IDK Is a Visionary on the Rise
The rapper levels up with his latest album featuring KAYTRANADA, his music business course at Harvard University and more.
If there’s one thing to know about IDK, it’s that the rapper-producer wears many hats. Known for his lyrical prowess and adept versatility, the Maryland-bred artist strives to reach new heights for himself and his community — whether that’s within his storytelling musicality or impressive business ventures.
Currently hot on the heels of his latest EP Simple., IDK — an acronym for “Ignorantly Delivering Knowledge” — worked closely with fan favorite KAYTRANADA for the eight-track record. He makes it clear that beneath the groovy production and infectious flows, the project is even more weighted in meaning. “There’s a neighborhood in my city called “Simple City,” he mentions in a statement, “it got its name because you can get killed for any simple reason.”
Just like his stage name, Simple. is duality-driven. Its raw lens into drug addiction, crime, hustling, and vulnerability blend together with KAYTRANADA’s trademark groove that brings depth and allows people to “dance to real sh*t,” he shares.

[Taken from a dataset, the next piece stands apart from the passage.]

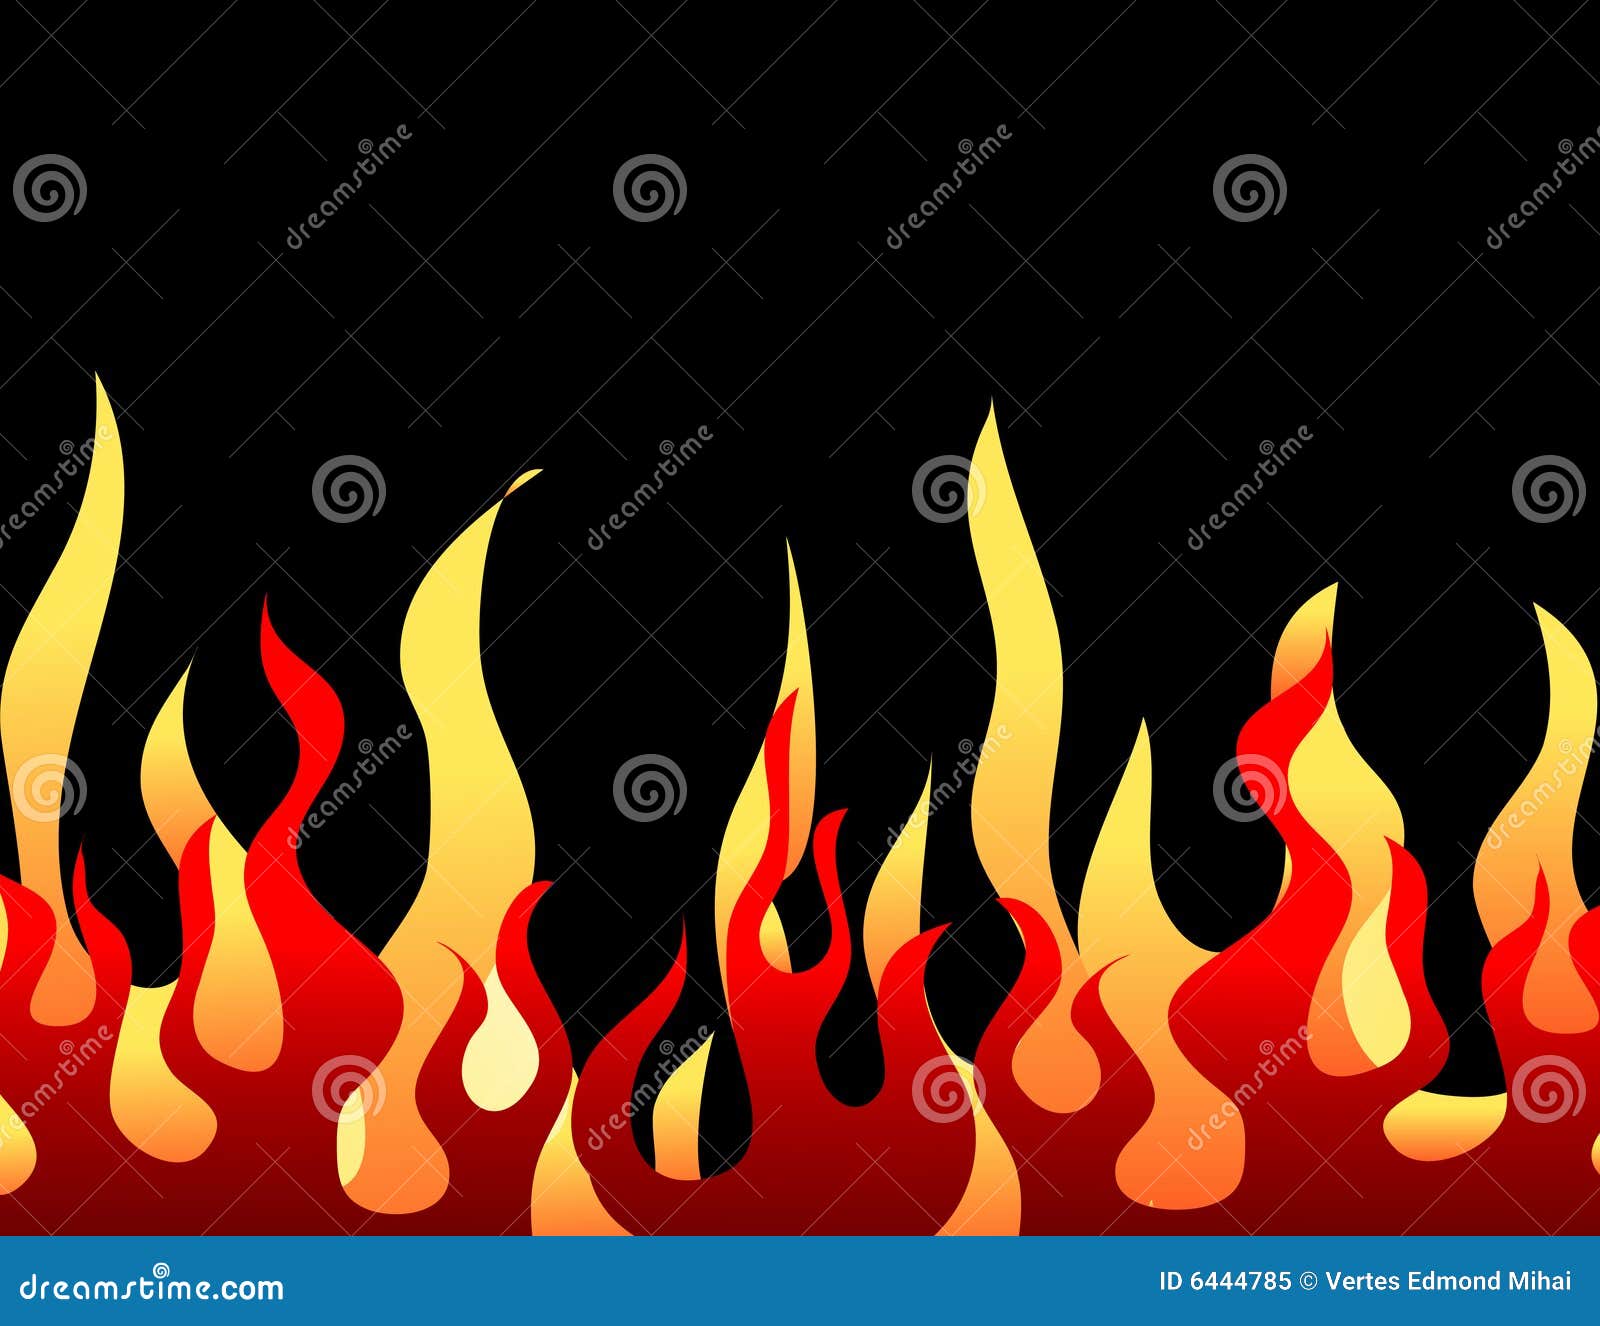 Flames Splash Fire Decal Sticker Choose Pattern Size #1330

As he finds his place at the forefront, IDK also never ceases to give back. Last year, the rapper debuted his No Label Academy initiative at Harvard University, where BIPOC students had the opportunity to attend an immersive music business crash course and were graced with the presence of trailblazers such as the late Virgil Abloh, Katonya Breaux, Mike Dean, Don Toliver, Charlie Heat, Terrence Louis “Punch” Henderson Jr. of TDE, Zane Lowe and Reggie Saunders. Equipping those who face industry barriers with the right tools speaks to how he actively levels the playing field.
HYPEBEAST caught up with IDK to learn more about Simple., what it was like joining forces with KAYTRANADA, this year’s No Label Academy program and why he’s a visionary with few equals.
“One of the things that inspired the album was letting people understand that a lot of what we’d like to change and create for a better environment isn’t so simple as what they make it seem like it is.”
First of all, congratulations on Simple.! How are you feeling about this release so far?
So far so good, I like the reception I’m getting. People have been showing a lot of love. It surprised many that KAYTRANADA and I did an album together but I think that’s what I wanted.
Could you tell us more about the project? What about the story behind it may show that things are actually not so “simple?”
It’s about people’s outlook on disadvantaged neighborhoods. One of the things that inspired the album was letting people understand that a lot of what we’d like to change and create for a better environment isn’t so simple as what they make it seem like it is. And we’re making that very clear with how the album was put together and what it references.
You tweeted that “Breathe is the most ME song I’ve ever made, and for me it’s proof that I’m still continuing to grow.” What about this new record speaks to being vulnerable and growing in your music?
The production created more vulnerability for me. I wanted to explore different sounds and “Breathe” is an example of a song that’s not really comparable to anything or any of my contemporaries. It’s its own world. And for me, being me is separating myself as much as possible to create my own world. I’m getting there, more and more everyday, even in this newer album that I’m working on right now.
What was it like working with KAYTRANADA? Can you walk us through the creative vision you both had from the get-go?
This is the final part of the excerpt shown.